Le consensus sur la réforme

Chacun, à son niveau, tire les conclusions du résultat des élections régionales.

La principale touche à l’abstention et notamment la plus significative, celle d’un grand nombre d’électeurs de droite.

C’est un signal fort. La crise y est pour beaucoup, elle diffère les résultats des changements profonds engagés, augmente les difficultés rencontrées par de nombreux Français dans nos villes comme dans nos campagnes, engendre l’inquiétude y compris du déclassement qui touche les classes moyennes et bien au delà.

Constatons néanmoins qu’il ne s’agit pas d’un vote contre les réformes. Une grande majorité de nos concitoyens souhaite au contraire qu’elles soient poursuivies ou accélérées.

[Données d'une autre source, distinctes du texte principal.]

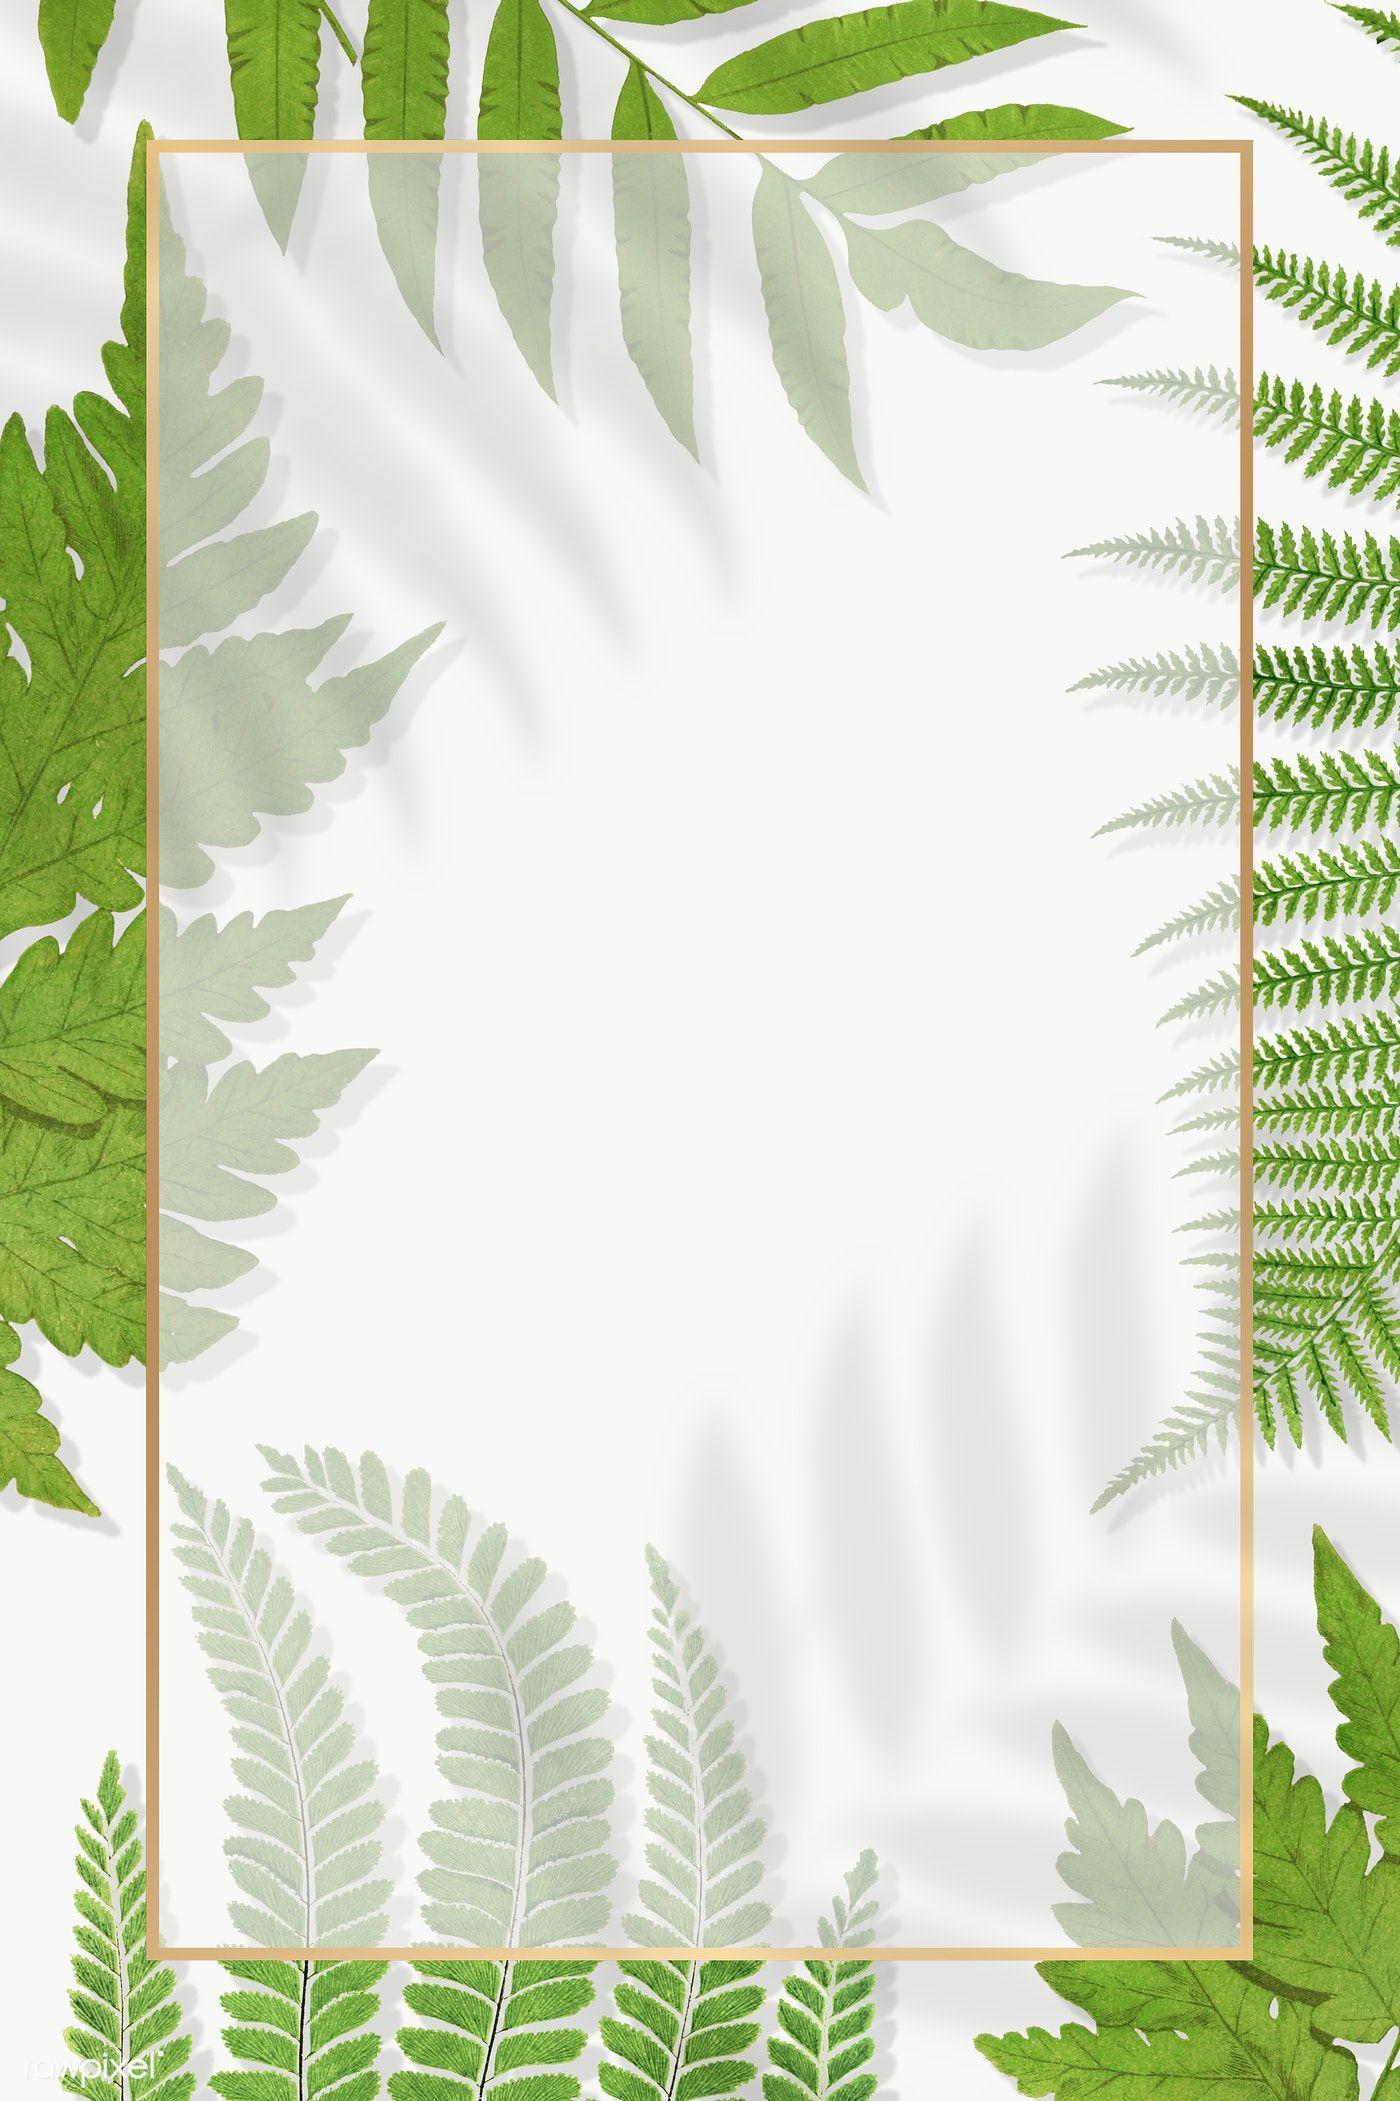 Frame Of Fern Leaves Transparent Png Premium Image By Rawpixel Com Manotang Flower Illustration Cute Wallpaper Backgrounds Leaf Illustration

Cela signifie deux choses :

1- Nous vivons une véritable révolution culturelle. Le concept de la réforme est entré dans notre vocabulaire quotidien. C’est un mot que l’on chuchotait hier, parfois presque un gros mot. Cette réforme qui était rare parce que toujours périlleuse est aujourd’hui considérée comme nécessaire. Bien des pays peuvent nous envier cette situation. Barack Obama aura mis un an et toute son énergie pour faire une seule réforme (qui, soit dit en passant, n’arrive pas au niveau de la sécurité sociale française, ce qui en dit long sur notre modèle social).

2- on voit bien ainsi que le contrat fondateur de l’élection présidentielle de 2007 n’est pas rompu. La France a décidé alors qu’il fallait changer, bouger, réformer.

Sur l’essentiel, malgré la crise, les impatiences, les mécontentements, cette constance d’un peuple est gage d’avenir.

Ne pas se tromper d’élection

Chacun a en tête le flot de critiques de l’opposition qui vient d’accompagner le moindre geste ou déclaration du Président de la République ayant un lien supposé avec la campagne des élections régionales.

Nous sommes ainsi dans une campagne où l’opposition appelle constamment au vote sanction contre Nicolas Sarkozy mais en tentant simultanément de lui interdire en quelque sorte toute réponse, même indirecte, puisqu’il est effectivement resté à l’écart de la campagne partisane.

Le plus choquant dans cette affaire n’est-il pas justement qu’au lieu de faire la pédagogie de l’importance des régions et de valoriser leurs missions, l’opposition a voulu en faire une mobilisation contre le pouvoir central ?

Résultat : Le grand gagnant du premier tour est incontestablement l’abstention. Certes elle interpelle tous les acteurs car ses ressorts sont variés mais elle concerne au premier chef, il faut tout de même le souligner, les présidents de région.

Se tromper d’élection est en effet le plus sûr moyen de détourner les électeurs des enjeux réels, d’affaiblir les régions et d’alimenter l’abstention.

N’oublions pas néanmoins qu’il s’agit d’une élection à 2 tours, que certaines situations régionales sont plus complexes qu’il n’y paraît et surtout … que ce sont les électeurs qui décident.